The patient developed alopecia three days later and survived with multiple medical co-morbidities as a result of the overdose but is currently able to live independently. She later confirmed the overdose of colchicine.
This case report describes a patient with unrecognised near-lethal colchicine overdose who had symptoms and signs of severe toxicity and who was initially listed for liver transplantation using criteria for paracetamol-induced liver failure.
Colchicine is an alkaloid obtained from Colchicum autumnale and related species, a treatment used primarily in the setting of acute gout. However it may also be used in the management of familial Mediterranean fever, primary biliary cirrhosis, amyloidosis, dermatitis herpetiformis and Sweets syndrome. Its anti-inflammatory effects are mediated by its ability to inhibit microtubule and polymorphonuclear leucocyte activity. Colchicine is antimitotic, blocking mitosis in metaphase, thus preventing DNA synthesis. It also inhibits urate crystal deposition but does not prevent progression to chronic gouty arthritis.

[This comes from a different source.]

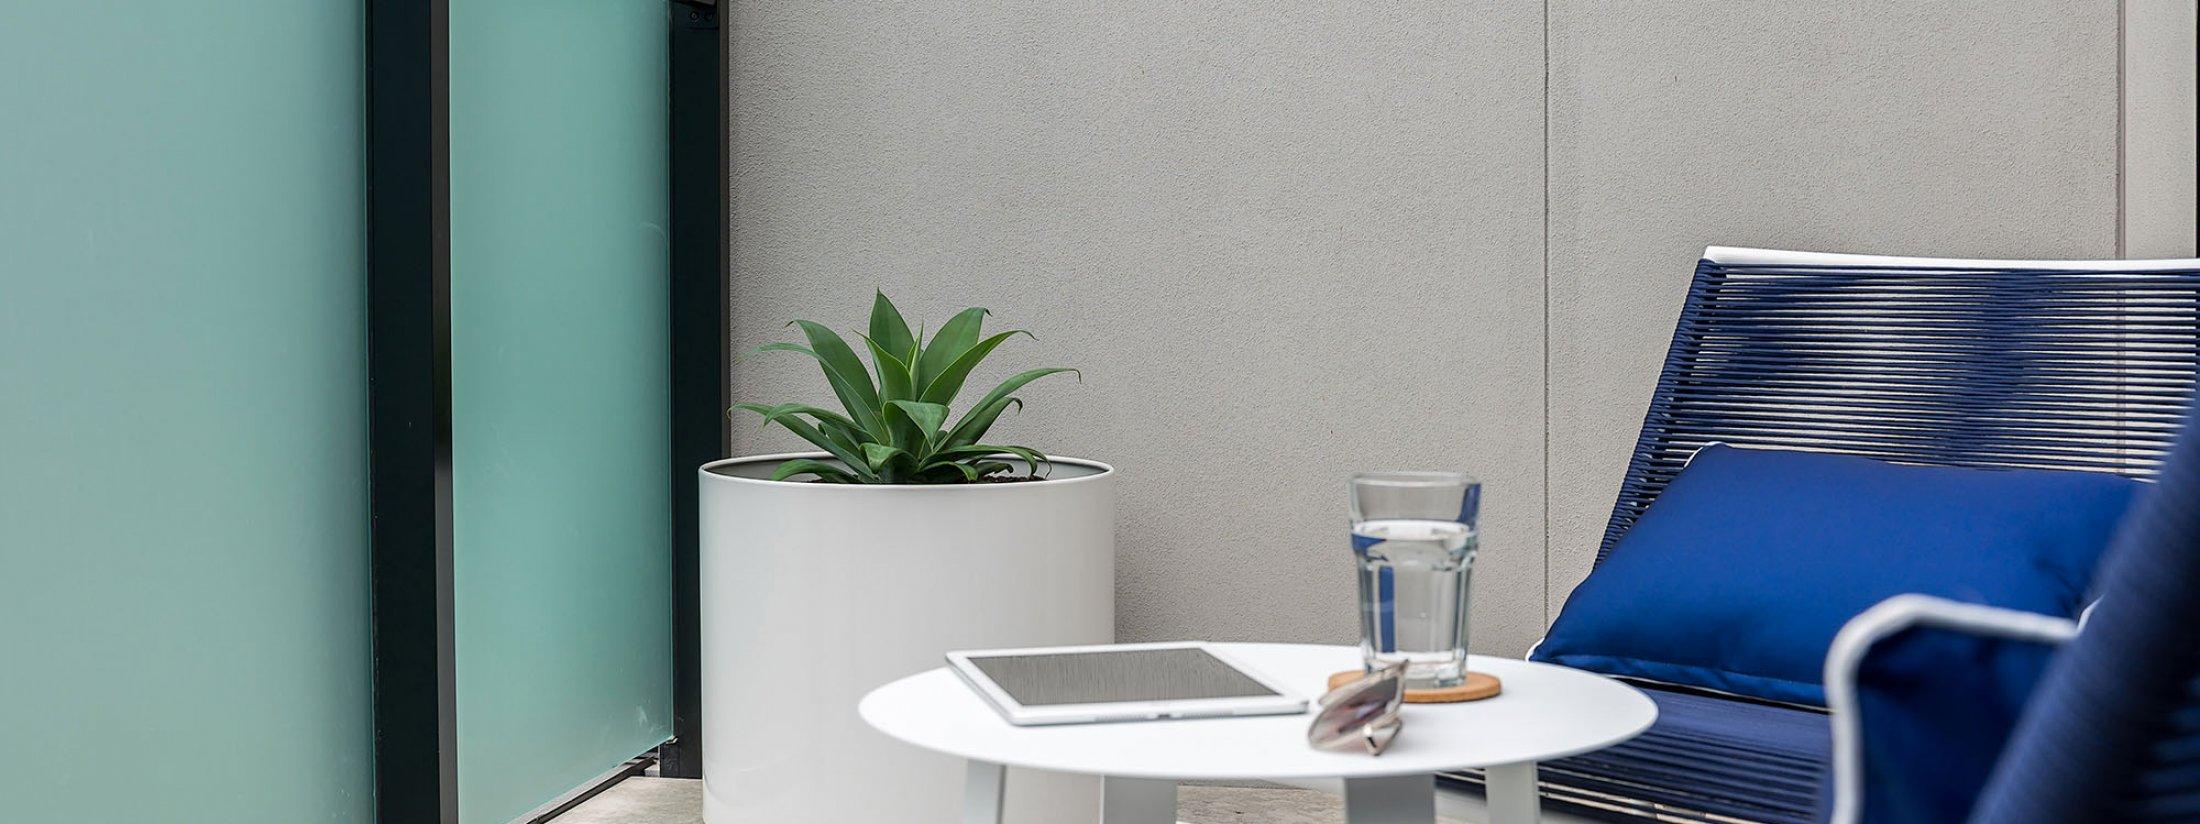 Axel Apartments - The Radnor - Glen Iris - Balcony

The drug is rapidly absorbed from the gastrointestinal tract, with peak levels occurring within 0.5 to two hours following oral ingestion. It is partially deacetylated in the liver with extensive first-pass metabolism. The oral bioavailability of colchicine is between 25% and 50% and found in high concentrations in leucocytes, kidneys, liver and spleen'. Elimination is by hepatic metabolism and the elimination half-life is approximately 30 hours after an overdose Z.
Any intentional ingestion of colchicine should be considered potentially lethal. (2) In a French series of 84 patients admitted with colchicine poisoning in an 11-year period, all patients who had ingested less than 0.5 mg/kg survived, whereas all those who ingested greater than 0.8mg/kg died within 72 hours of the ingestion (8). There is a 10% mortality for those who ingested between 0.5-0.8 mg/kg of colchicine. Hence, where possible, risk assessment is made on the ingested dose Z.

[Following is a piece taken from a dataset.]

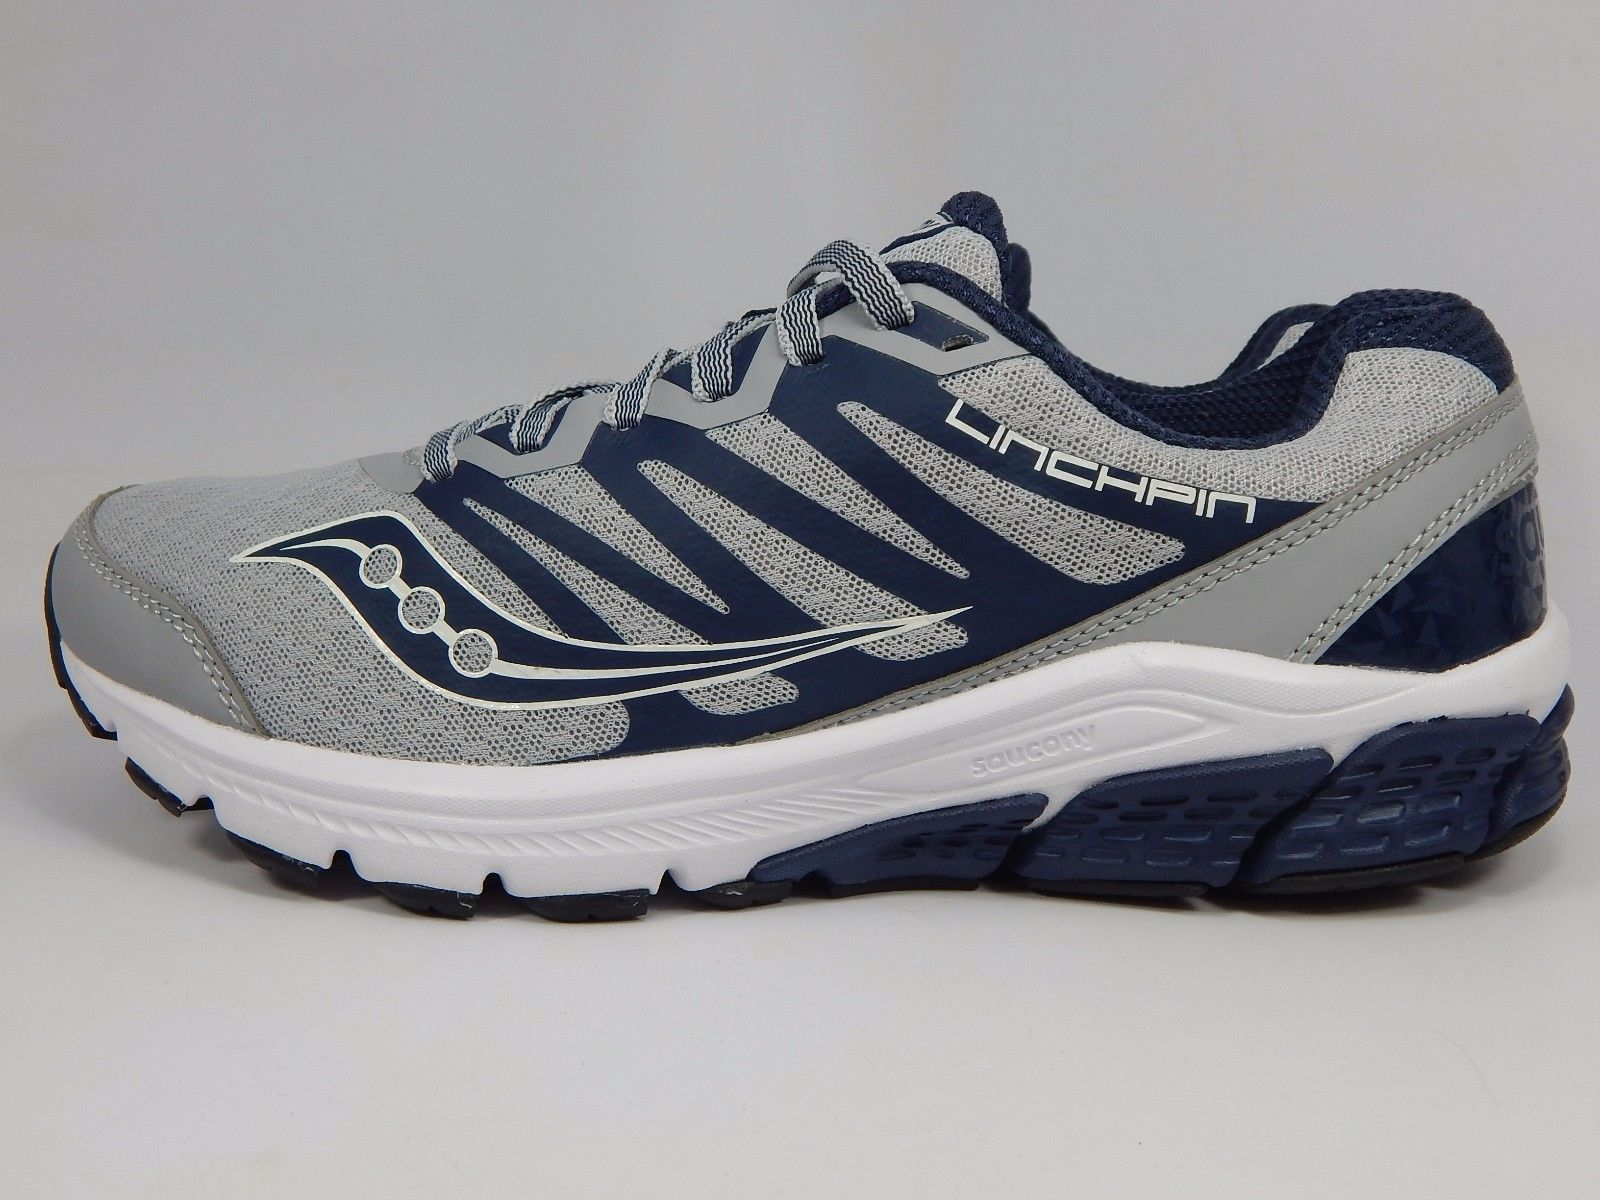 Saucony Linchpin Men's Running Shoes Size US 9 M (D) EU 42.5 Gray Navy S20334-1

The classic presentation of colchicine toxicity can be divided into three phases. The first phase, up to 24 hours after ingestion, is characterised by gastrointestinal symptoms, electrolyte imbalance, hypovolaemia and peripheral leucocytosis (2,3). The patient may experience a feeling of burning and rawness in the mouth and difficulty in swallowing'. Nausea, vomiting, diarrhoea, abdominal pain and anorexia can all mimic a primary abdominal process which may be referred to general surgery or gastroenterologists. Such symptoms correspond to gastrointestinal mucosal damage and impairment of secretion of normal mucosal enzymes (4). Significant fluid loss due to vomiting and diarrhoea may lead to hypovolaemic shock (5).

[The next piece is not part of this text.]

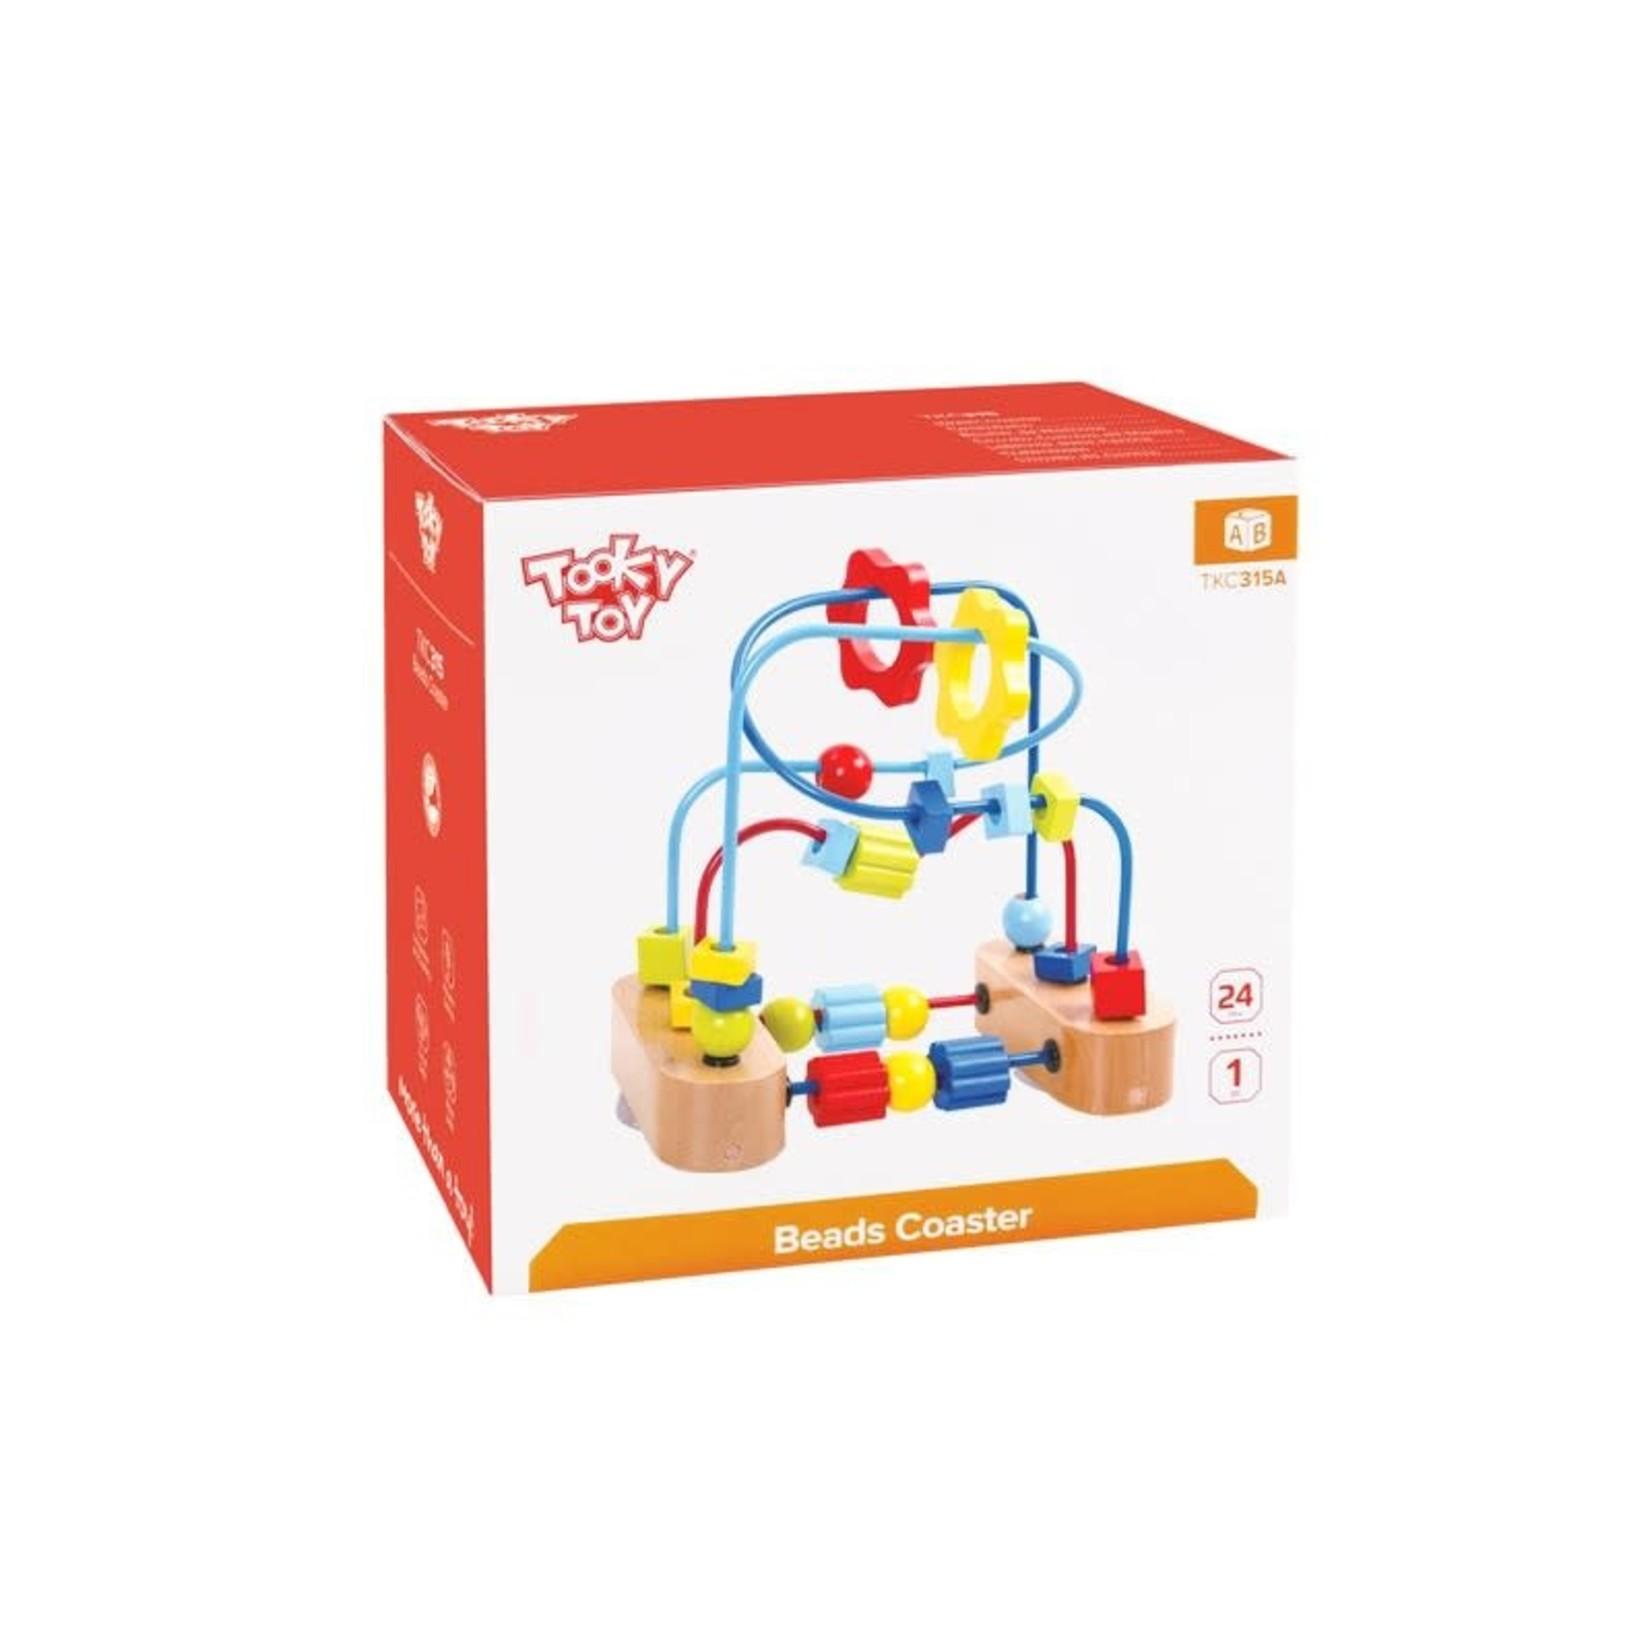 Tooky Toy Beads Coaster

The life-threatening consequences of overdose occur in the second phase, 24 to 72 hours following ingestion, and can last up to seven days. Multiple organ dysfunction syndrome develops early in the second stage, with vasomotor failure and systemic inflammatory response leading to cardiovascular collapse and lung injury. Shock may occur as a result of hypovolaemia, profound vasodilatation resulting from systemic inflammation, or cardiac dysfunction and is clinically correlated with mortality (6). Cardiotoxicity commonly manifests as arrhythmias such as sinus bradycardia, sinus tachycardia, ventricular fibrillation and complete atrioventricular block. Renal failure and rhabdomyolysis can occur. Bone marrow suppression is initially indicated by lymphopenia, likely to be followed by agranulocytosis, leucopenia and thrombocytopenia peaking at four to eight days after ingestion. This may be complicated by disseminated intravascular coagulation (1). Fever and sepsis may be seen at this stage. Central nervous system toxicity and cerebral oedema may be indicated by mental confusion, delirium, seizures and muscular weakness; rhabdomyolysis may occur, as well as the development of ascending central nervous system paralysis with the patient remaining conscious (1). Metabolic derangements include metabolic acidosis, hyperglycaemia, hypokalaemia, hypokacaemia, hypophosphataemia and hypomagnesaemia (7).
Fulminant hepatic failure requiring liver transplantation has not been reported in colchicine overdose. Death may occur at this stage as a result of the multi-system insult.
If the patient survives the second stage the prognosis is markedly better. The third phase, from the seventh day onwards, is characterised by rebound leucocytosis due to renewed bone marrow activity, resolution of multiple organ failure, transient alopecia and stomatitis. Myopathy and neuropathy can occur. Complete recovery can be anticipated if the patient progresses to this stage.
Treatment consists primarily of early risk assessment of the colchicine overdose, decontamination and supportive therapy.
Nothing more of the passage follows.